WHAT YOU ARE ASKED TO DO | Copy the listing exactly, images excluded.

COLLECTED MATERIAL |
+++
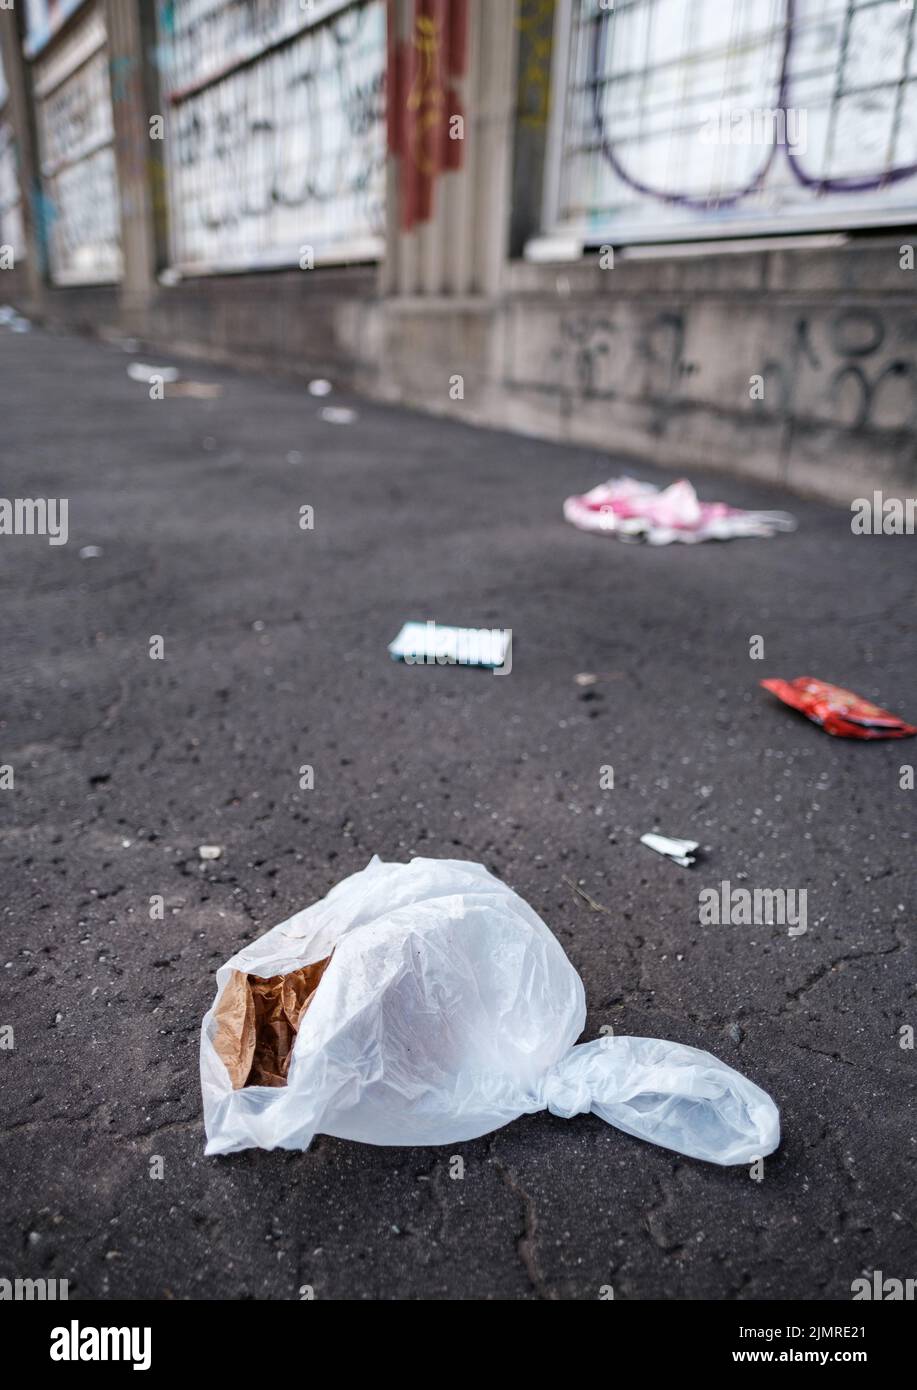 Basura (basura) desechada en Una calle de la ciudad Foto de stock
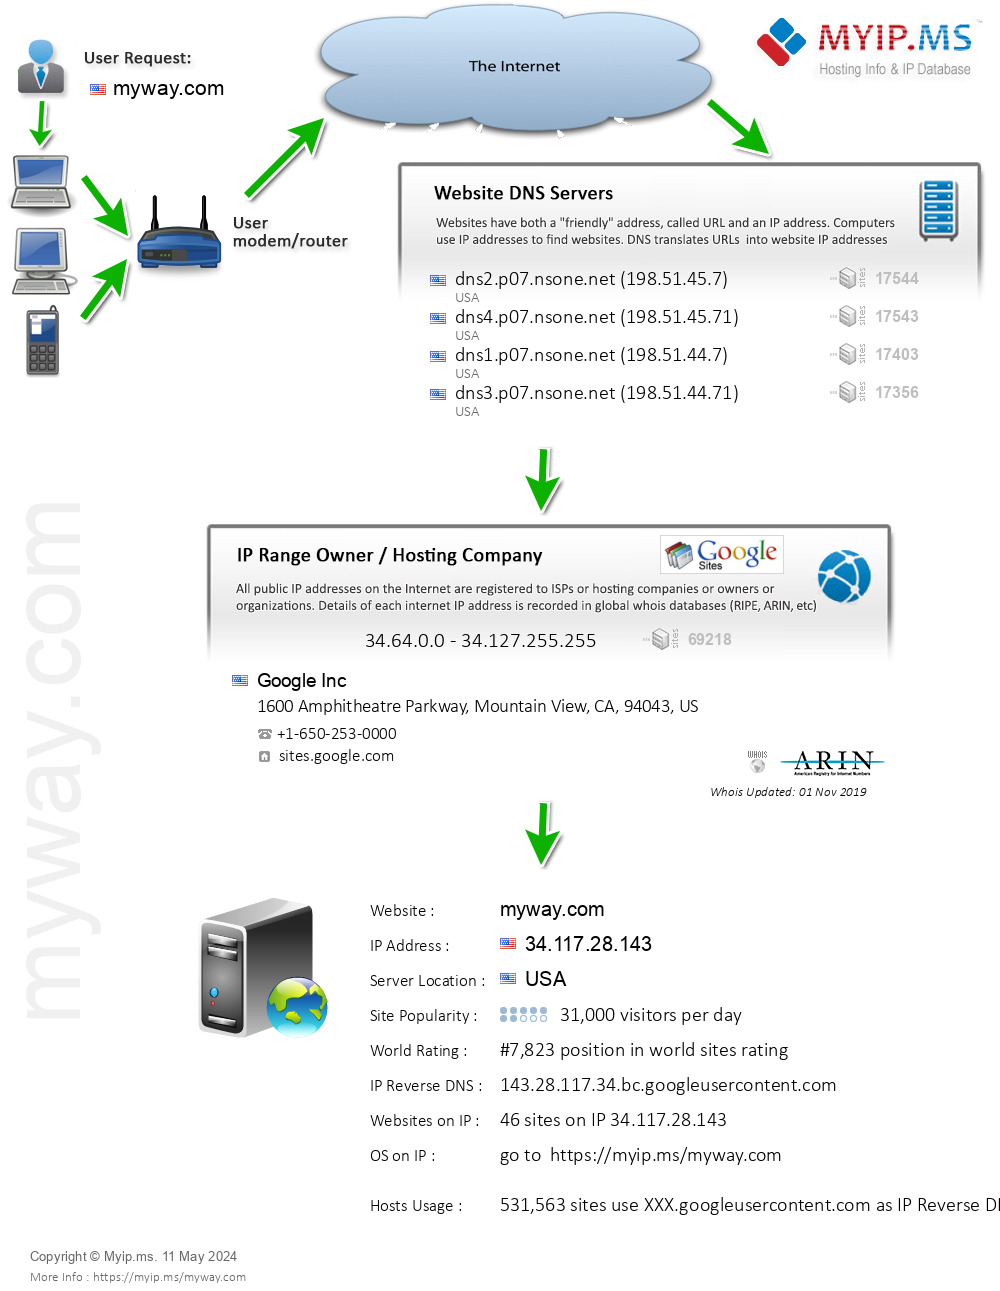 Myway.com - Website Hosting Visual IP Diagram
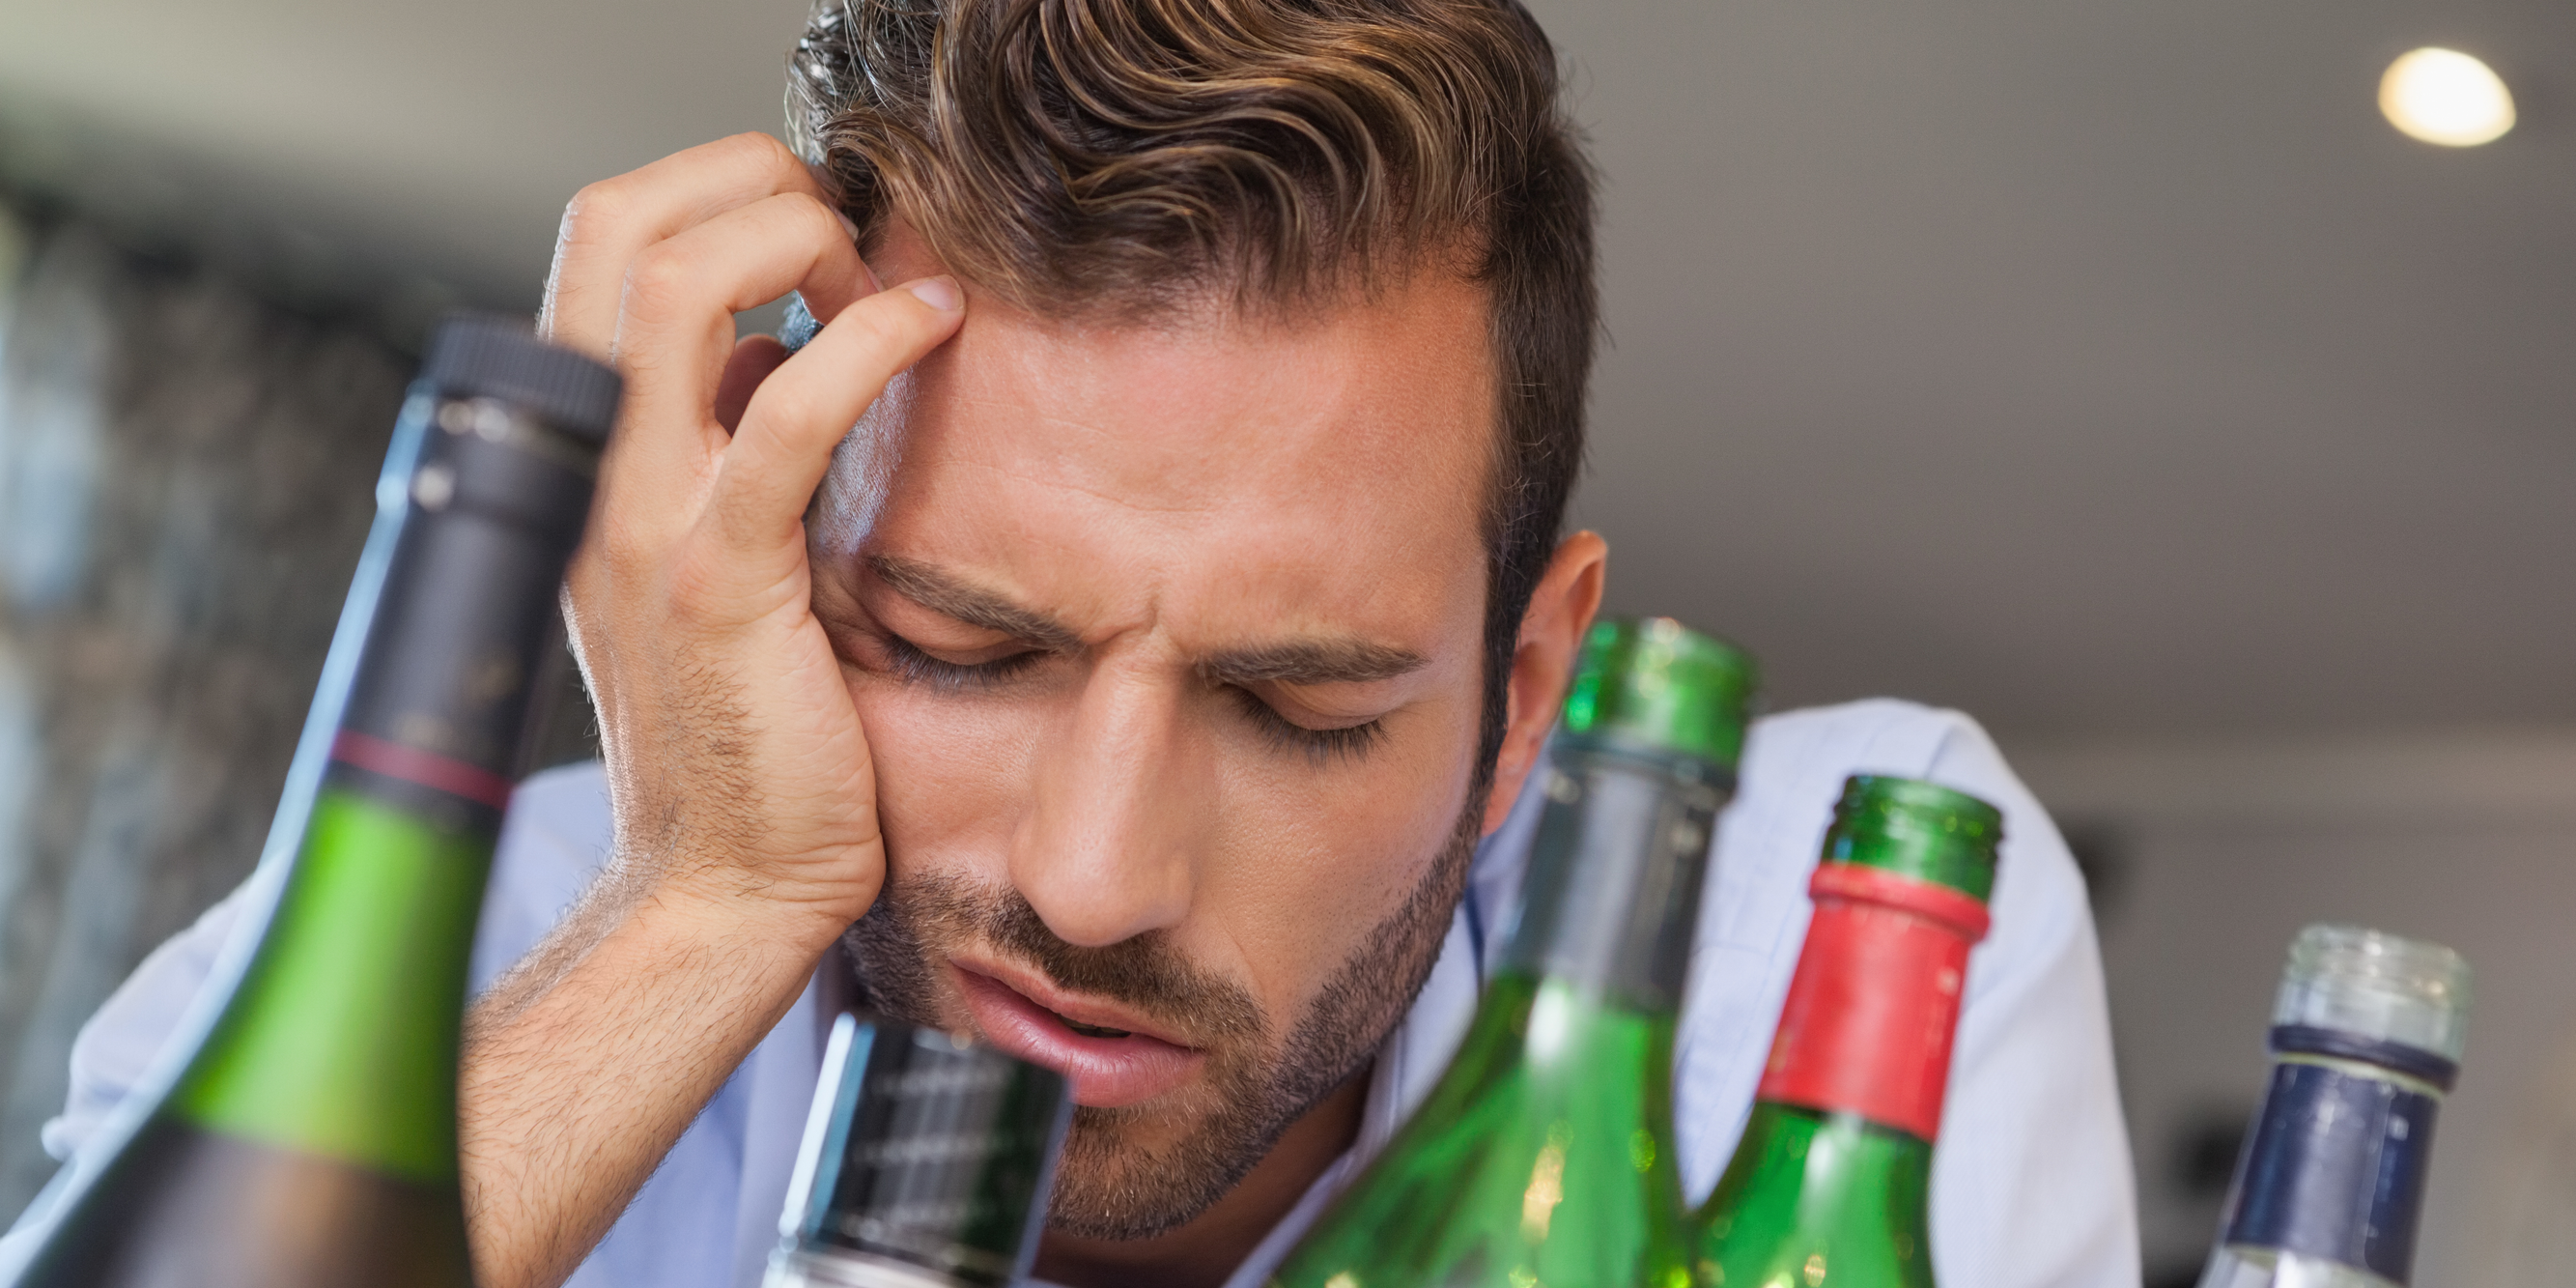 Алкоголь способствует повышению тревожности
+++
ANSWER BOX |
 Basura (basura) desechada en Una calle de la ciudad Foto de stock
 Myway.com - Website Hosting Visual IP Diagram
 Алкоголь способствует повышению тревожности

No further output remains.